Task directions:
All lines from the one that contains "Le Stretch Multifit Lace Cheeky Black" to the end of the data must be retyped exactly. Pictures are not retyped.

[Items from a data source]
━━━━━━━━━━━━━━━━━━━━━━━━━━━━━━
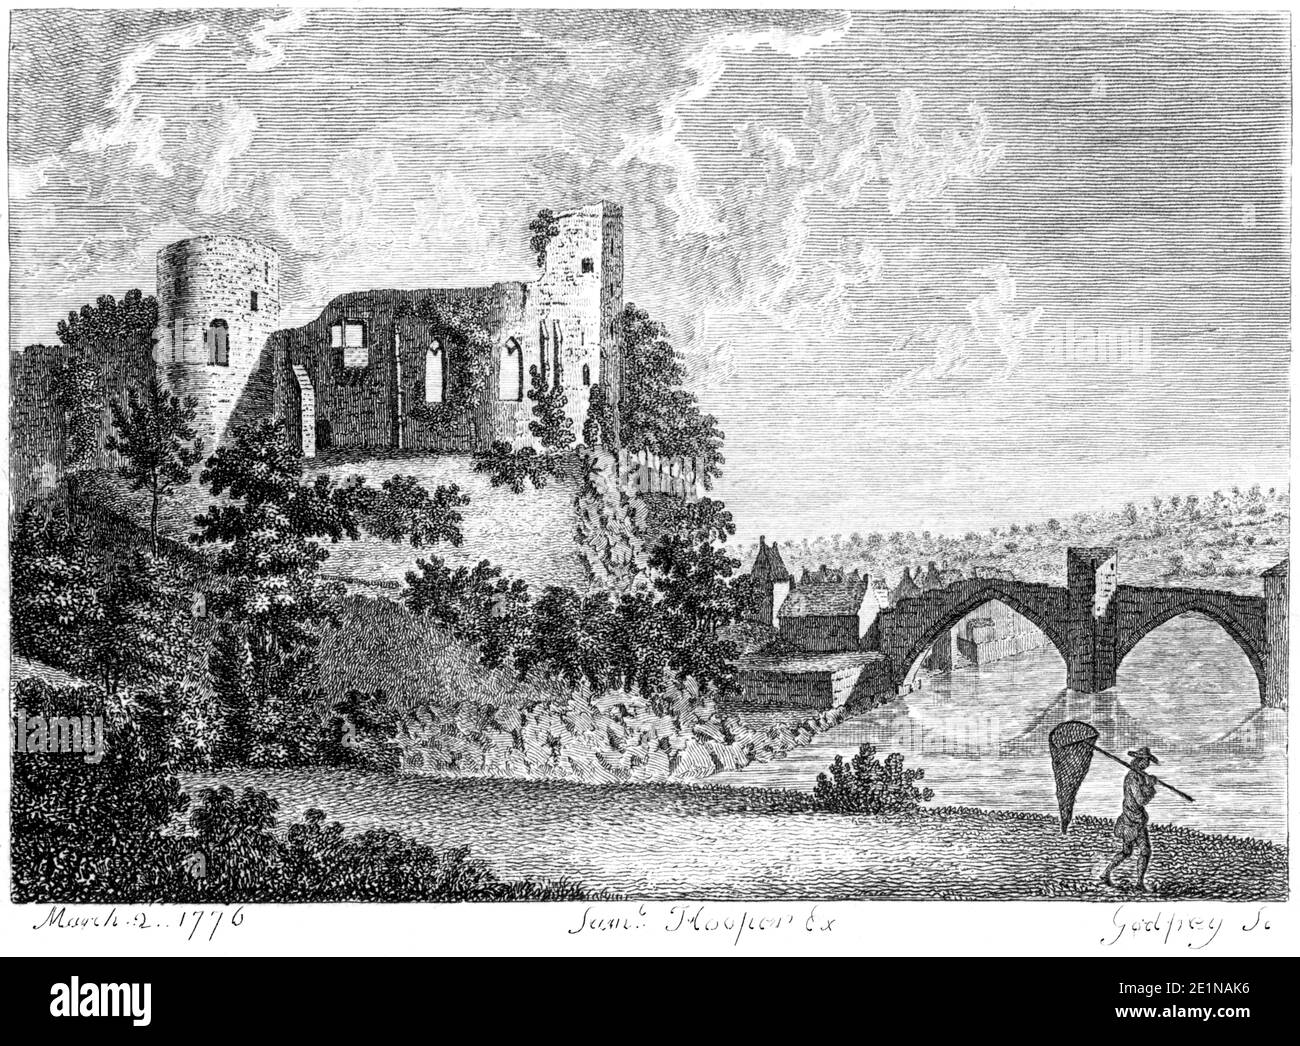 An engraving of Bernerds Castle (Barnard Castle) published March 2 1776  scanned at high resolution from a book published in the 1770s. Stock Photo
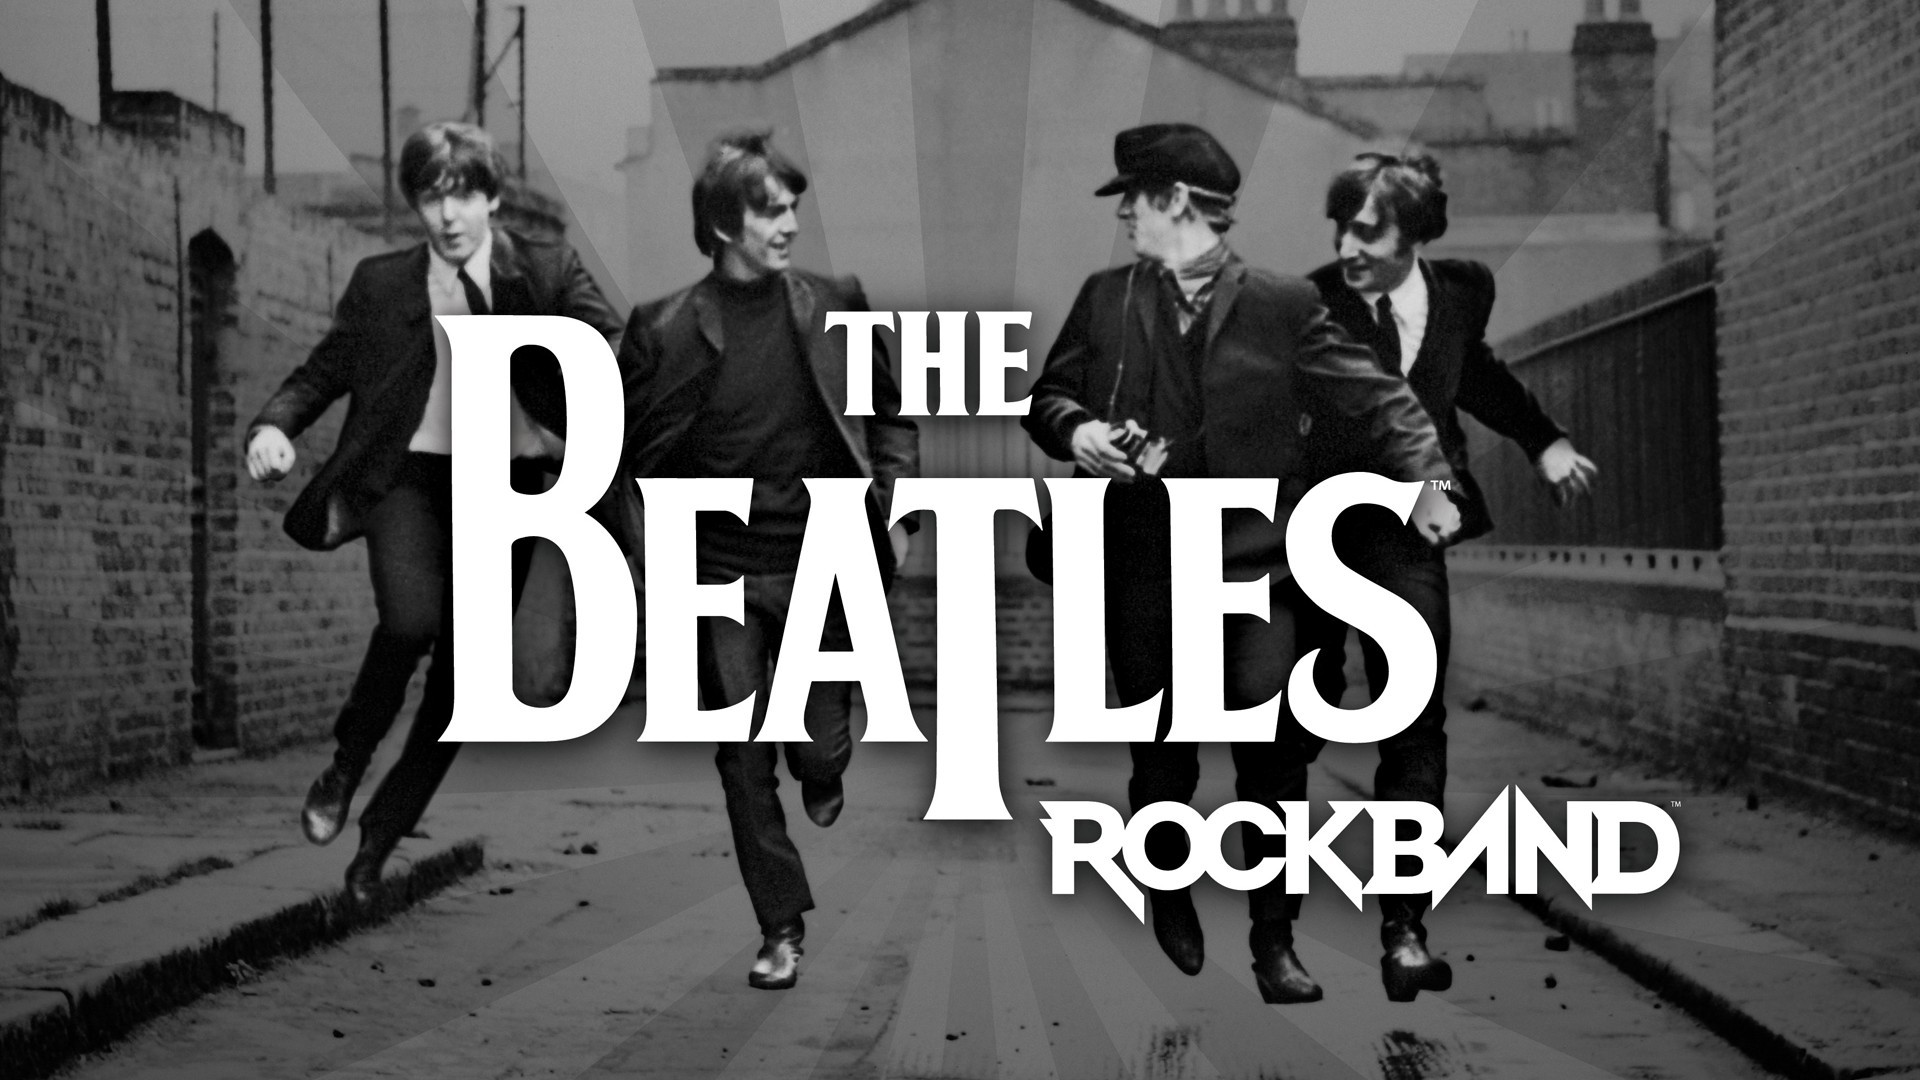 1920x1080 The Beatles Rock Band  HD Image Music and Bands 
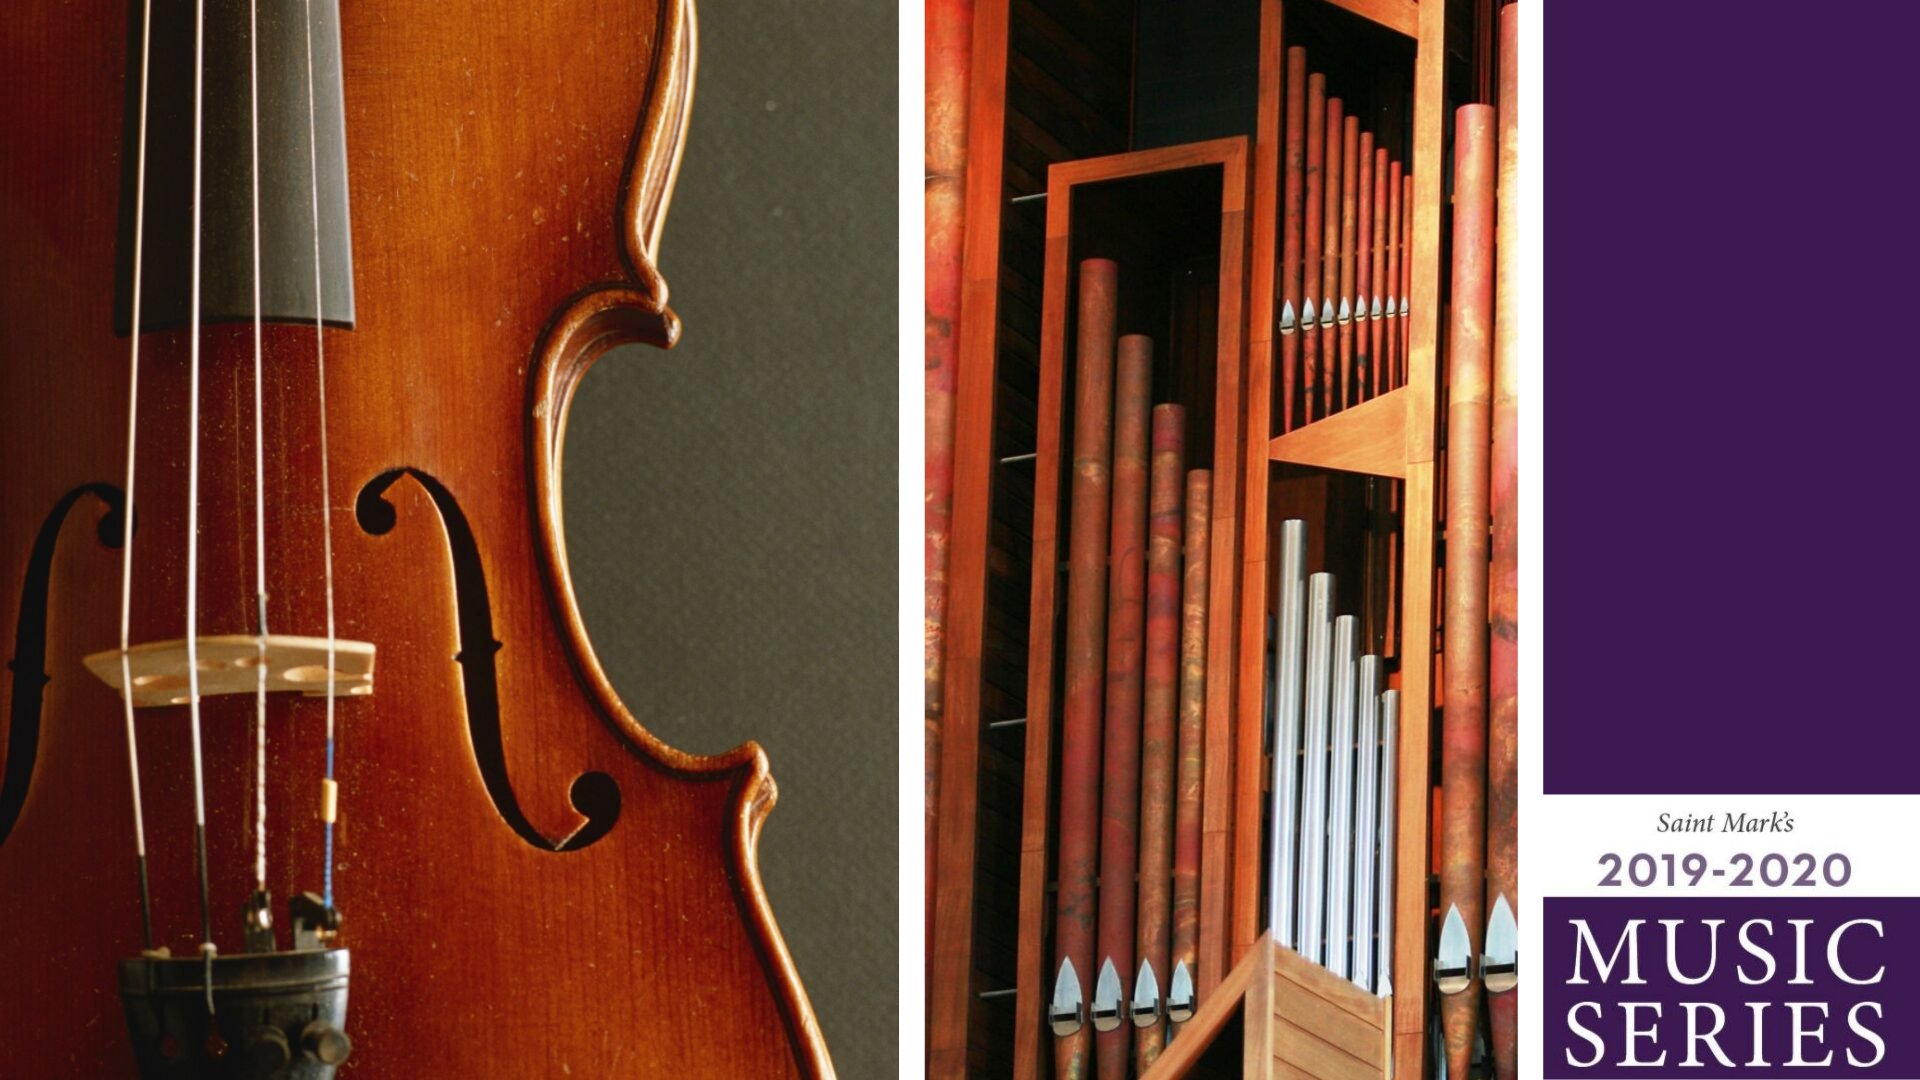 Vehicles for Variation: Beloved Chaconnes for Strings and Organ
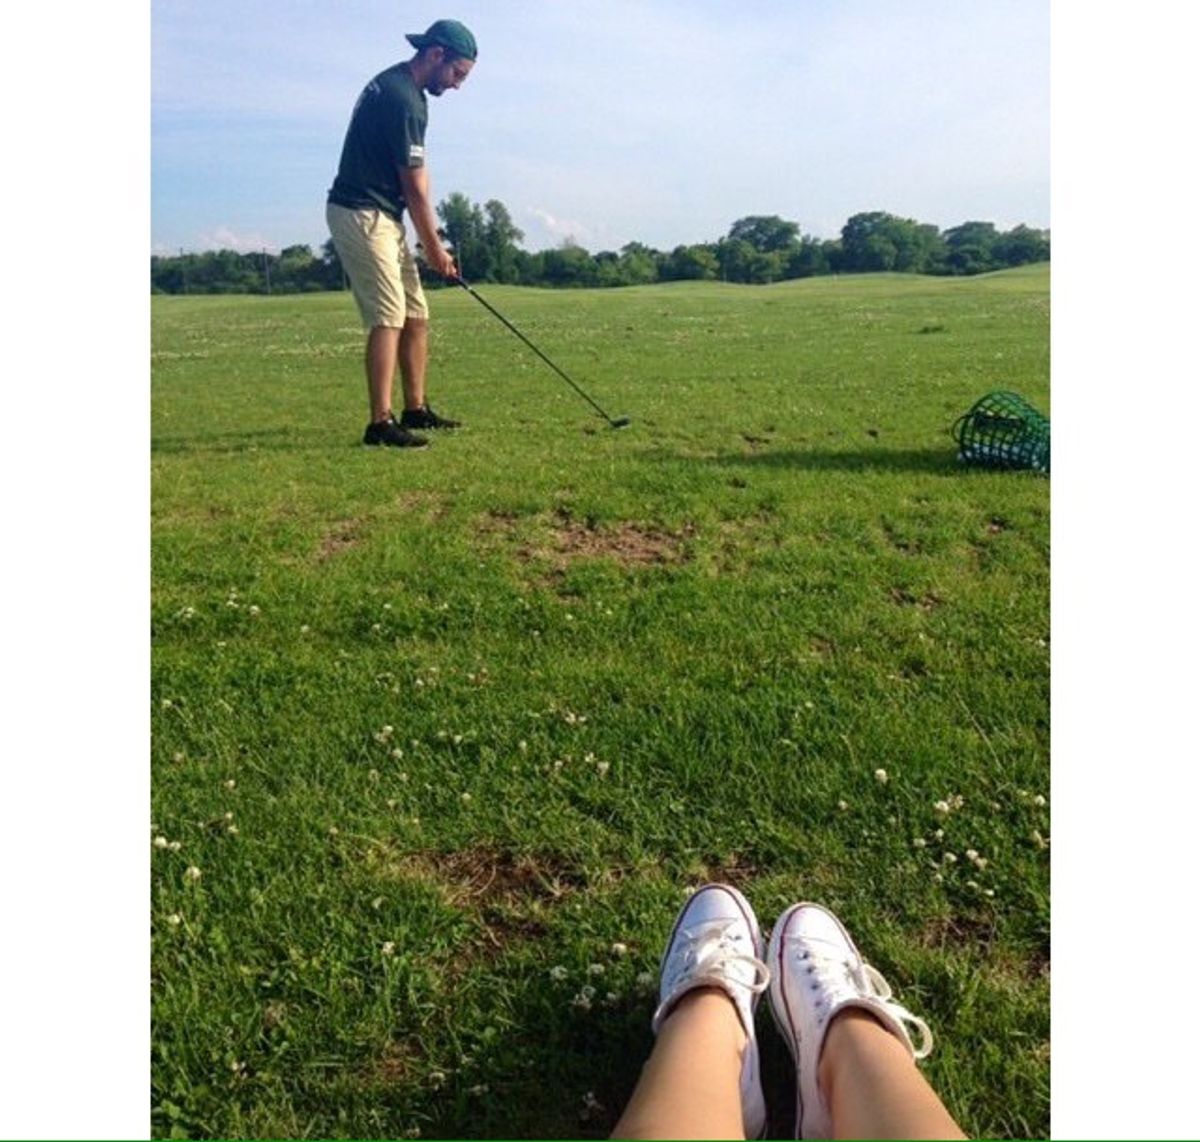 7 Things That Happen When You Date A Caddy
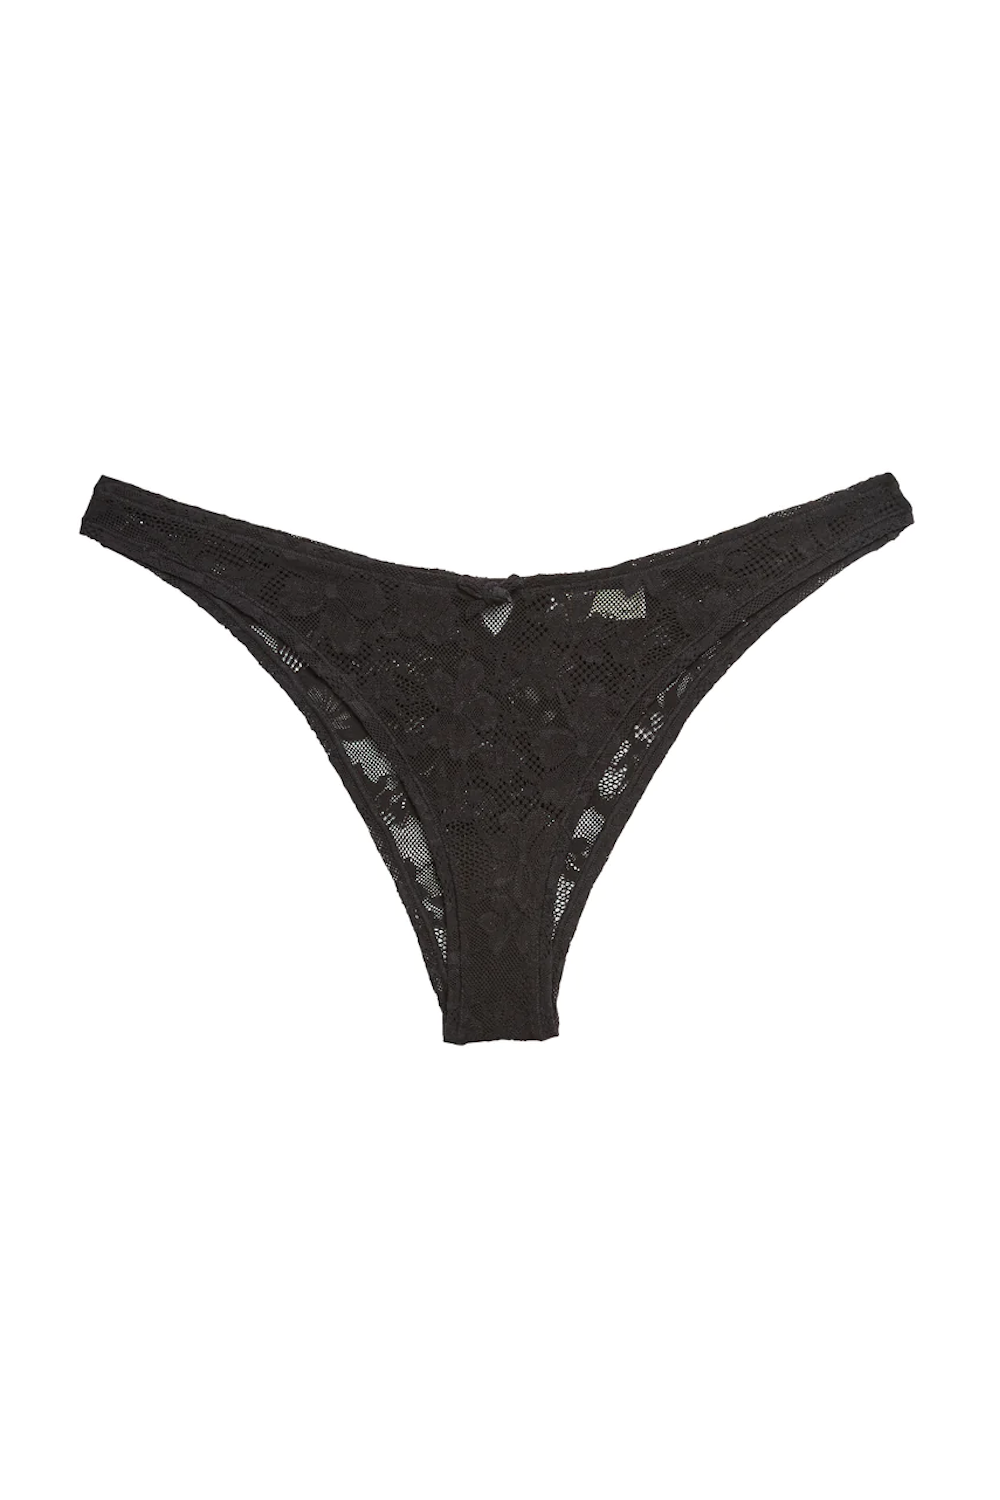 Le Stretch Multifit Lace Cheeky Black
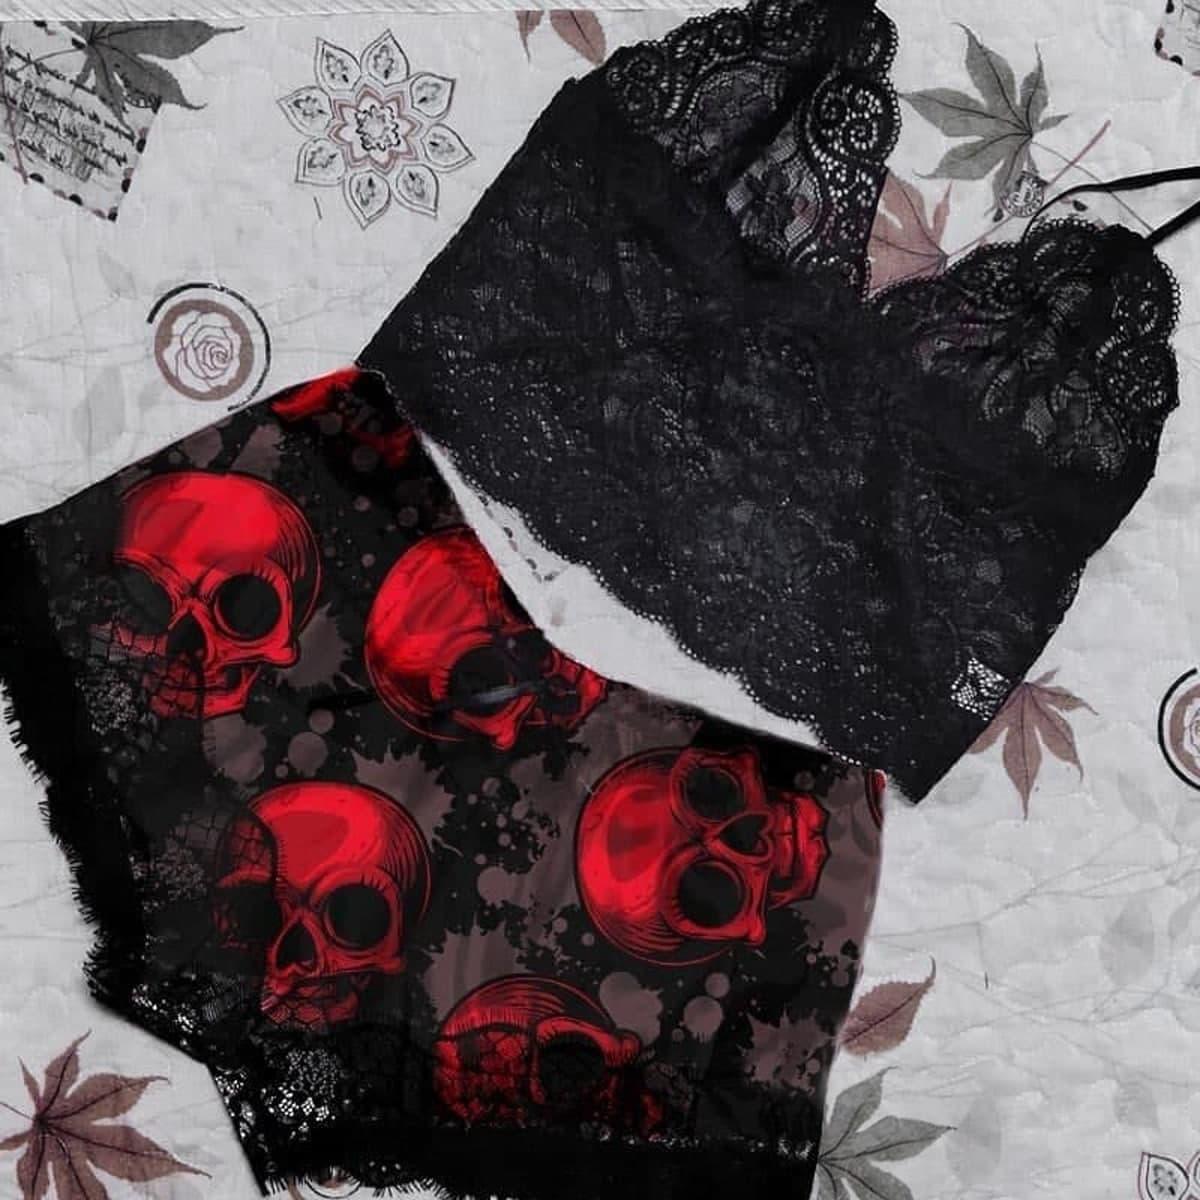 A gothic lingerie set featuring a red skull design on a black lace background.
━━━━━━━━━━━━━━━━━━━━━━━━━━━━━━
Exercise solution:
 Le Stretch Multifit Lace Cheeky Black
 A gothic lingerie set featuring a red skull design on a black lace background.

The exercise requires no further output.